━━━━━ Exercise data
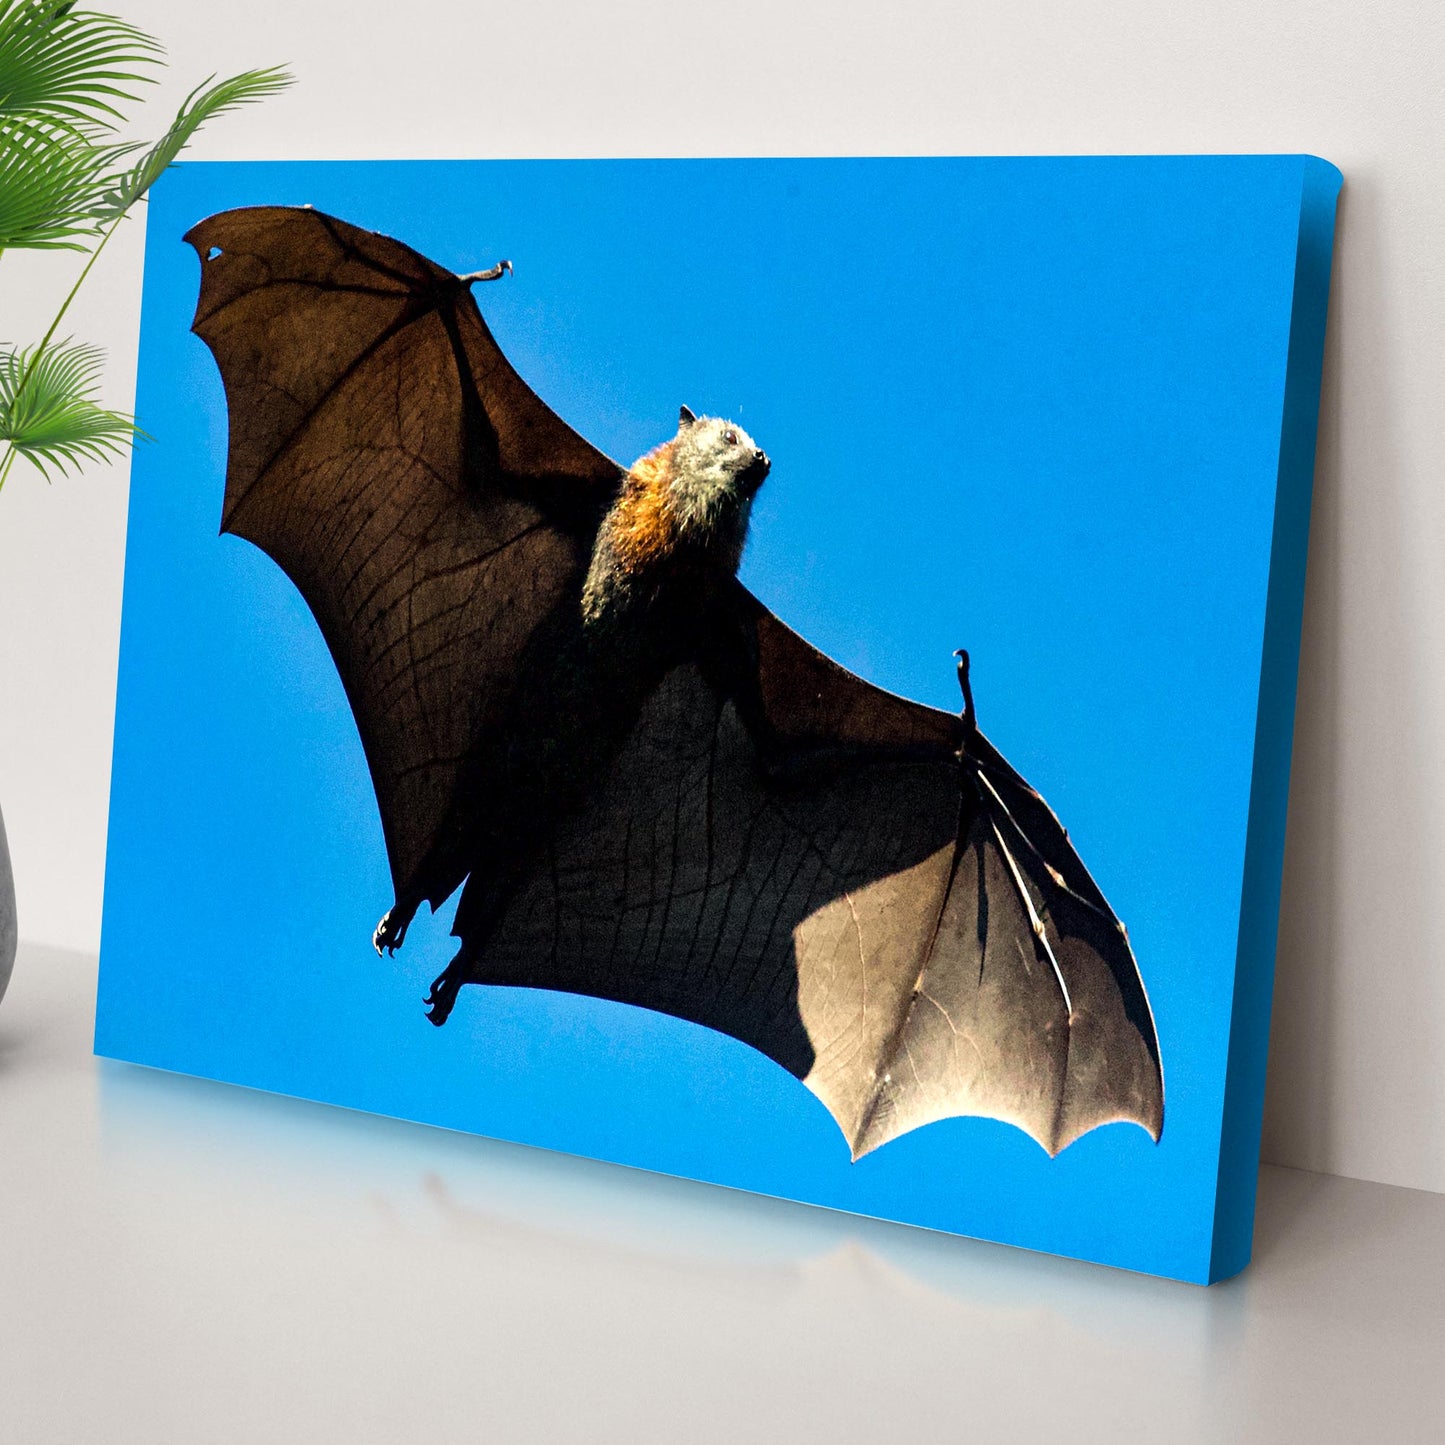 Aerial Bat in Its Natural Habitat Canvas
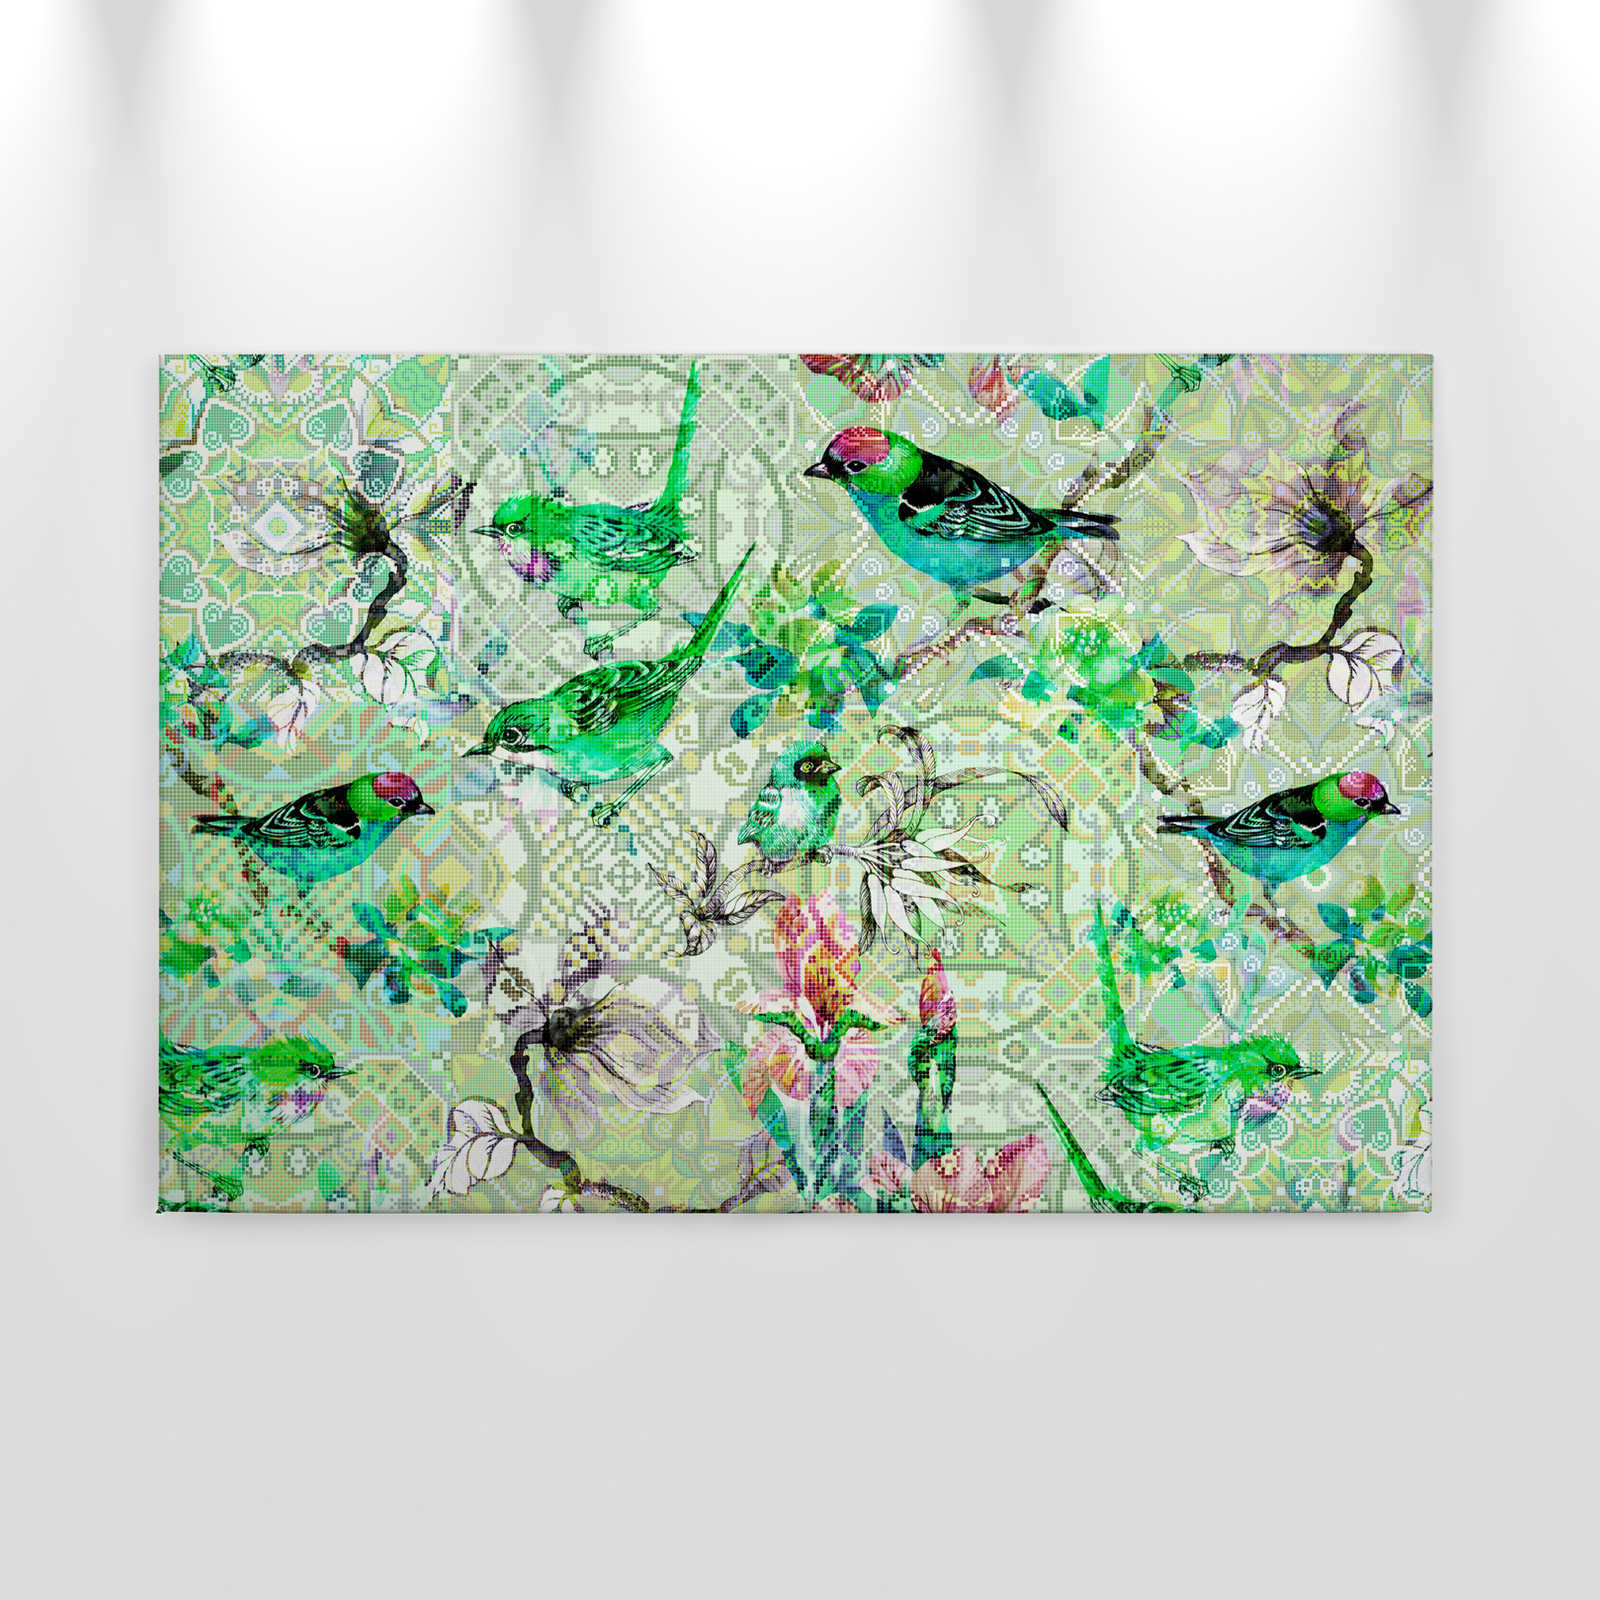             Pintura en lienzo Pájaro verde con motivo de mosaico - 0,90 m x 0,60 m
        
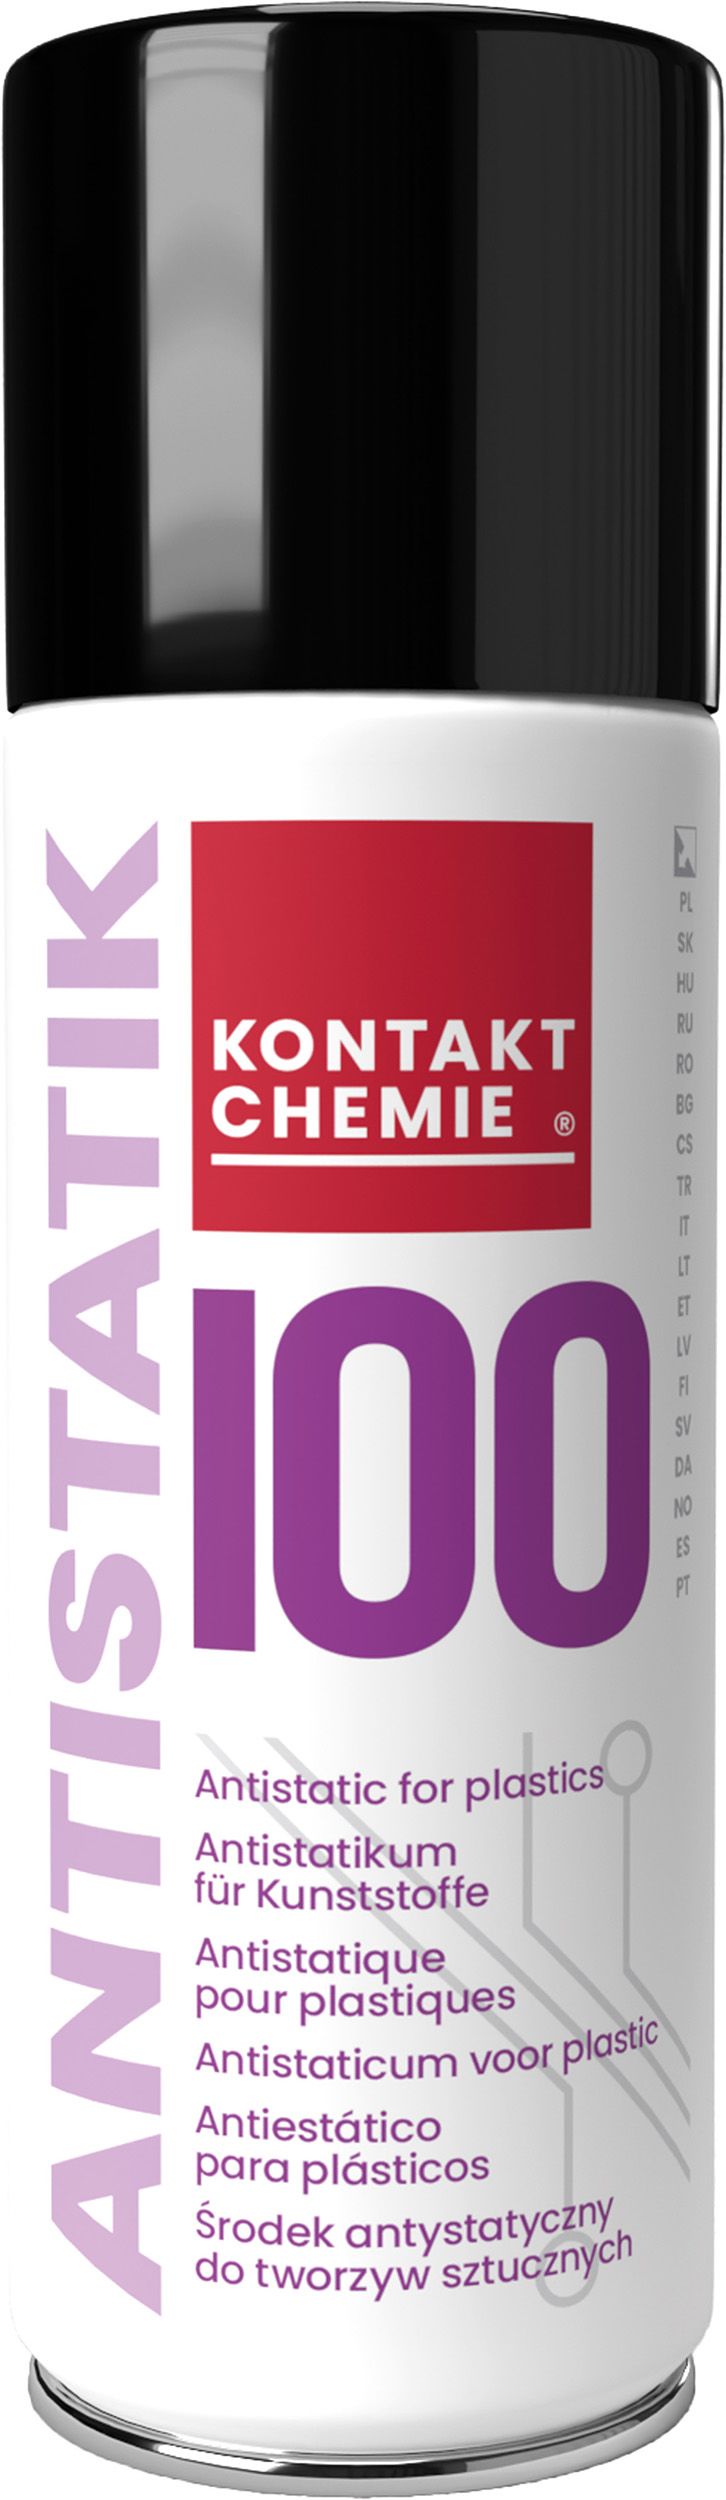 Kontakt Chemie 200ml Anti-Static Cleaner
━━━━━━━━━━
-- What you need to do --
Give every line of the listing above again, exactly, with no images.

-- Response to this task --
 Aerial Bat in Its Natural Habitat Canvas
             Pintura en lienzo Pájaro verde con motivo de mosaico - 0,90 m x 0,60 m
        
 Kontakt Chemie 200ml Anti-Static Cleaner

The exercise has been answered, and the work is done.